Chinese authorities used the app- “health code service” for managing people movements in and out of affected areas. When lockdown
in Hubei province ended, the government allowed residents with a green code to travel within and out of the province. India has already made it mandatory for government and private sector employees.
The government’s policy of making the app made mandatory has raised multiple questions over the data privacy and efficiency of such an app.
A spokesperson of the Ministry of Civil Aviation said that the government doesn’t intend to store such data in any manner. “The app is intended to make air travel safer and secure for everybody. It isn’t intended to breach data privacy of anyone,” Rajiv Jain, a spokesperson for the ministry said.
“Firstly there is this question if it is ethical for a state to make it mandatory for essential service.
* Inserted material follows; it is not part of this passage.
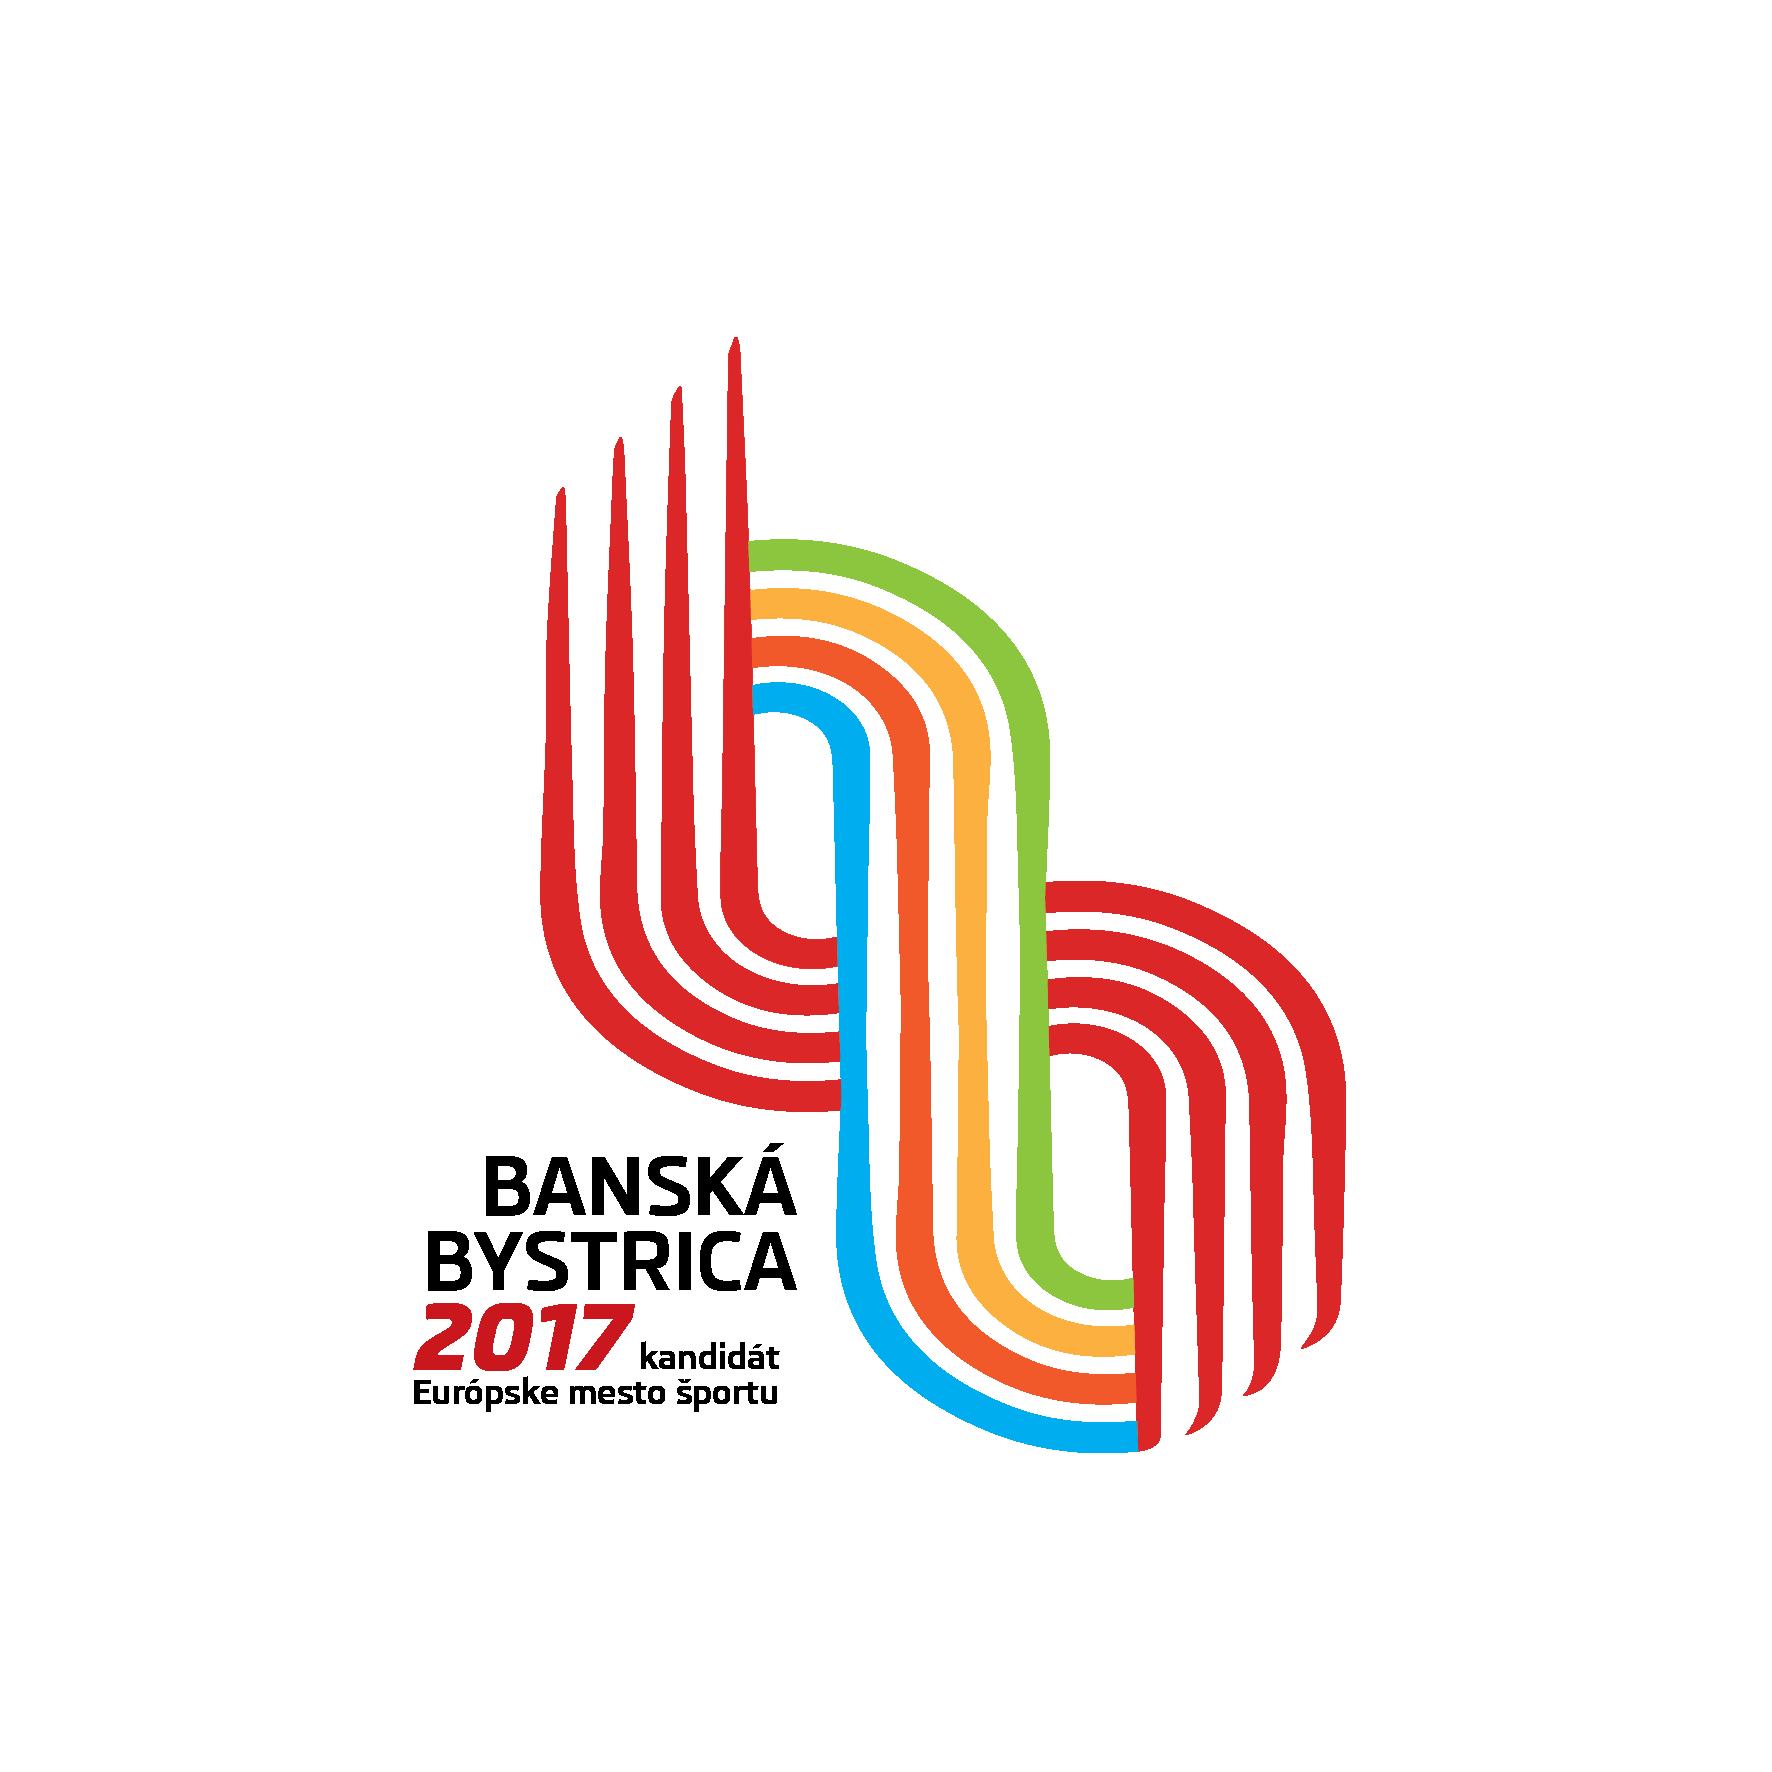 logo_b_bystrica_kandidat_mesto_sportu_2017_ver.png

Except China, all countries in the world have made it voluntary,” said Prasanth Sugathan, legal director at the Software Freedom Law Center, a digital-rights advocacy group.
Suganathan also raises question on the efficiency of an app which uses and warns that it can throw up false positives. “There are substantial risks of misidentification or a false-positive if the device is switched or is shared between people. Algorithm-based predictive models are not yet ready to be substitute to contact tracing which is done using testing and has manual intervention,” he says.
Multiple airline executives speaking to Business Standard, on condition of anonymity have raised doubts over the efficiency and hurdles in practical implementation of such a process.
“The government shouldn’t pass the onus of denying boarding to passenger who doesn’t have a green signs or old age to airlines. This will create mess in the airports then. CISF, which have uniformed guards should be responsible for this,” said an airline executive.